In the Netherlands the shipworm caused a crisis in the 18th century by attacking the timber that faced the sea dikes. After that the dikes had to be faced with stones. Teredo has recently caused several minor collapses along the Hudson River waterfront in Hoboken, New Jersey, due to damage to underwater pilings.[9]
In the early 19th century, the behaviour and anatomy of the shipworm inspired the engineer Marc Brunel.
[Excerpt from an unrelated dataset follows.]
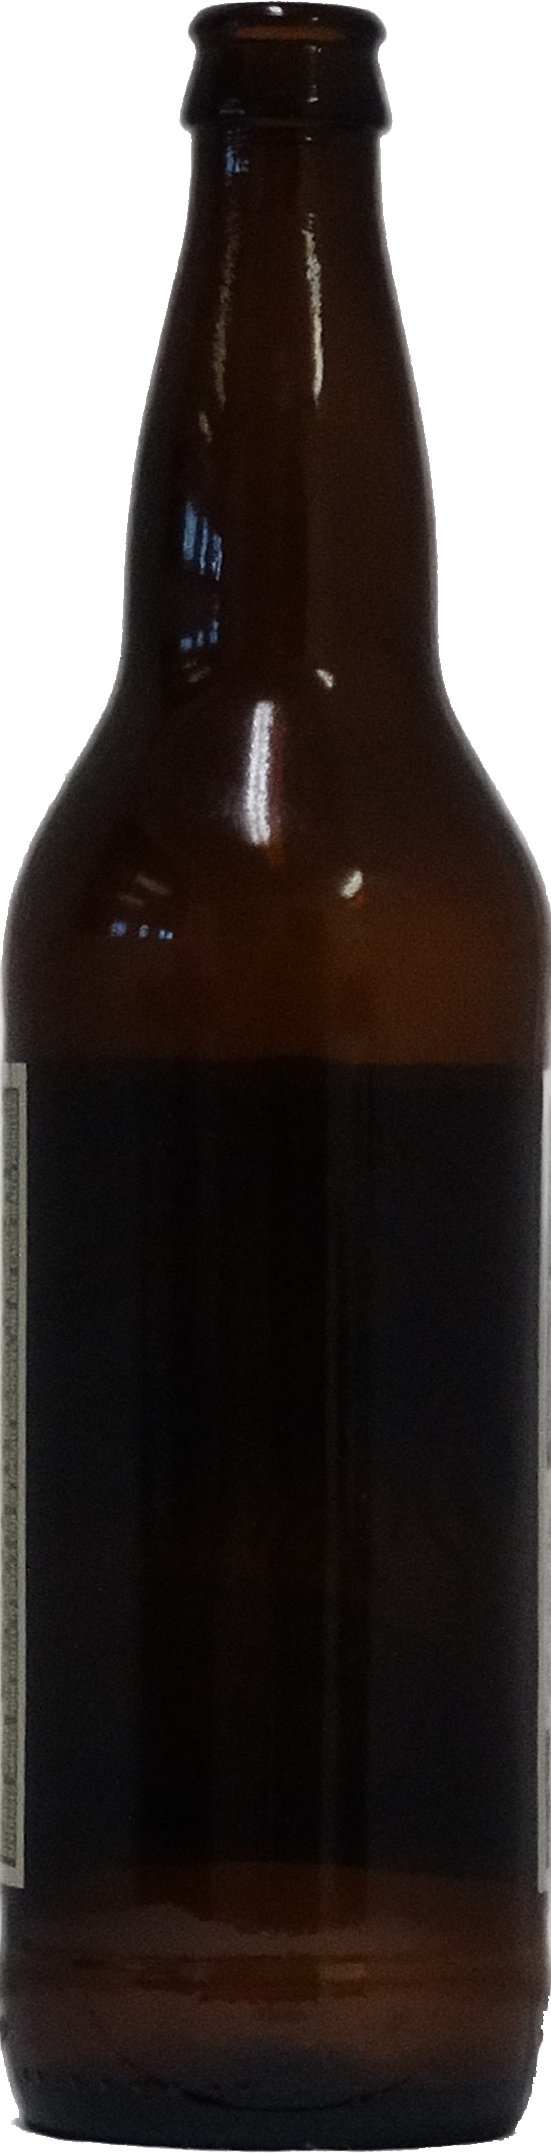 rust Gouverneur Beperkingen Create a Beer Bottle in Fusion 360 - Product Design Online
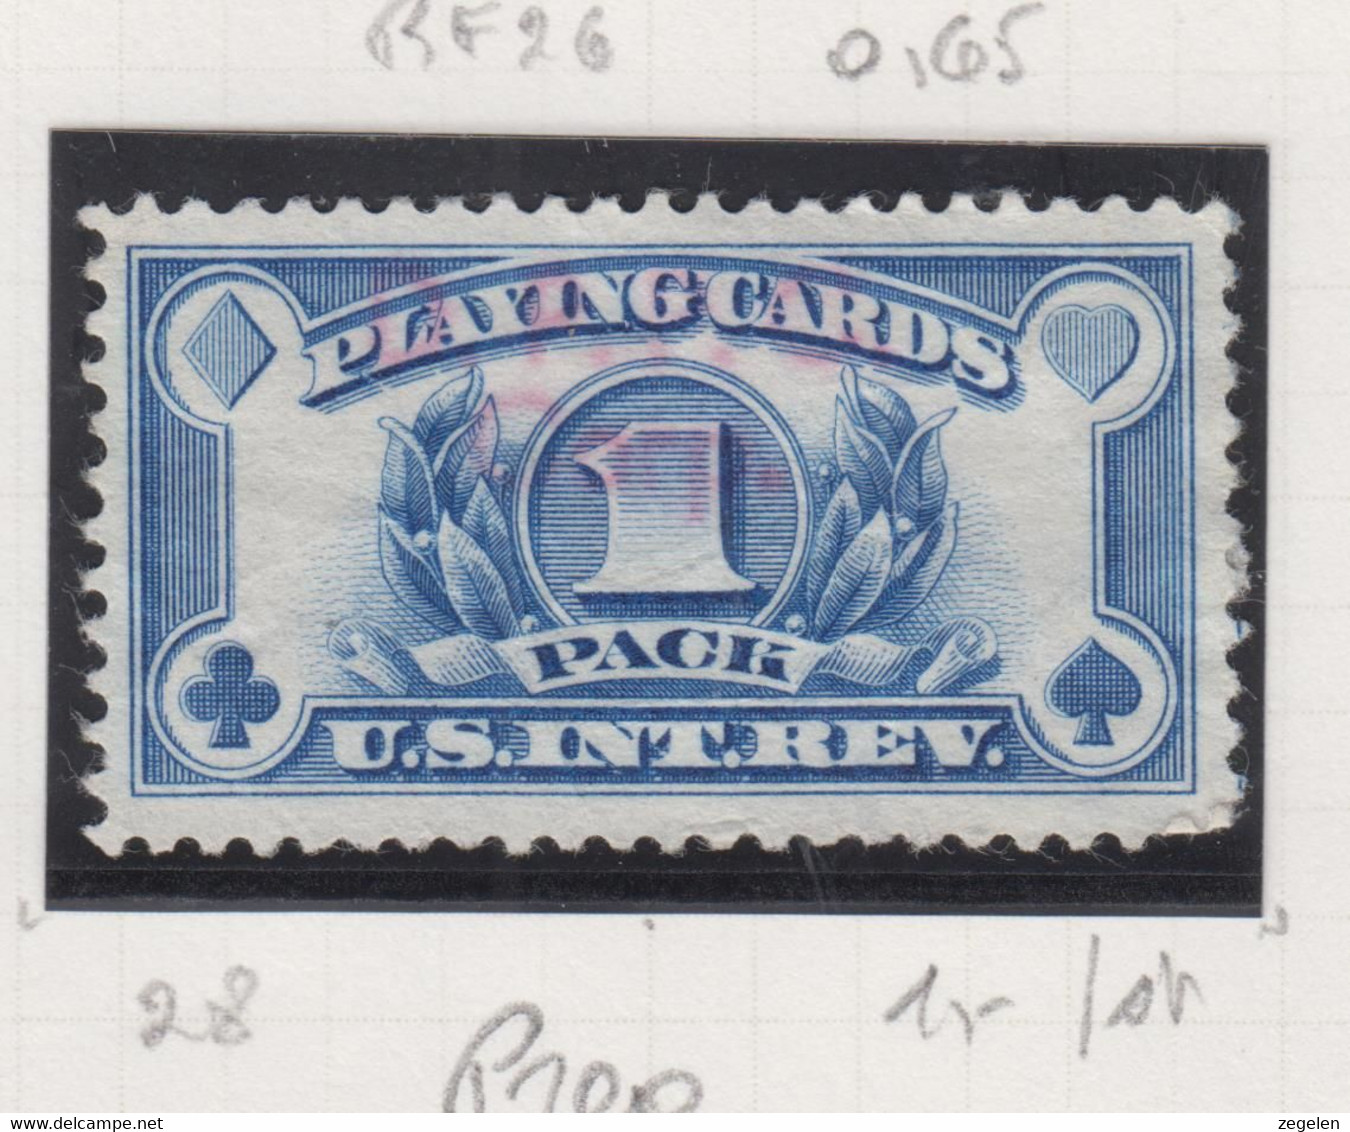 Verenigde Staten Scott Cataloog Revenue Stamps Playing Cards RE28 Met Preo-stempel - Revenues

Based on his observations of how the shipworm's valves simultaneously enable it to tunnel through wood and protect it from being crushed by the swelling timber, Brunel designed an ingenious modular iron tunnelling framework—the very first tunnelling shield—which enabled workers to tunnel successfully through the highly unstable river bed beneath the Thames. The Thames Tunnel was the first successful large tunnel ever built under a navigable river.[2][10]
Henry David Thoreau's poem "Though All the Fates" pays homage to "New England's worm" which, in the poem, infests the hull of "[t]he vessel, though her masts be firm". In time, no matter what the ship carries or where she sails, the shipworm "her hulk shall bore,/[a]nd sink her in the Indian seas".[11]
The hull of the ship whose wreck by a whale inspired Moby Dick had been weakened by shipworms.[2]
In the Norse Saga of Erik the Red, Bjarni Herjólfsson, said to be the first European to discover the Americas,[12] had his ship drift into the Irish Ocean where it was eaten up by shipworms. He allowed half the crew to escape in a smaller boat covered in seal tar, while he stayed behind to drown with his men.
In Palawan and Aklan in the Philippines , the shipworm is called tamilok and is eaten as a delicacy there. It is prepared as kinilaw—that is, raw (cleaned) but marinated with vinegar or lime juice, chopped chili peppers and onions, a process very similar to ceviche. The taste of the flesh has been compared to a wide variety of foods, from milk to oysters.[13] Similarly, the delicacy is harvested, sold, and eaten from those taken by local natives in the mangrove forests of West Papua, Indonesia and the central coastal peninsular regions of Thailand near Koh Phra Thong.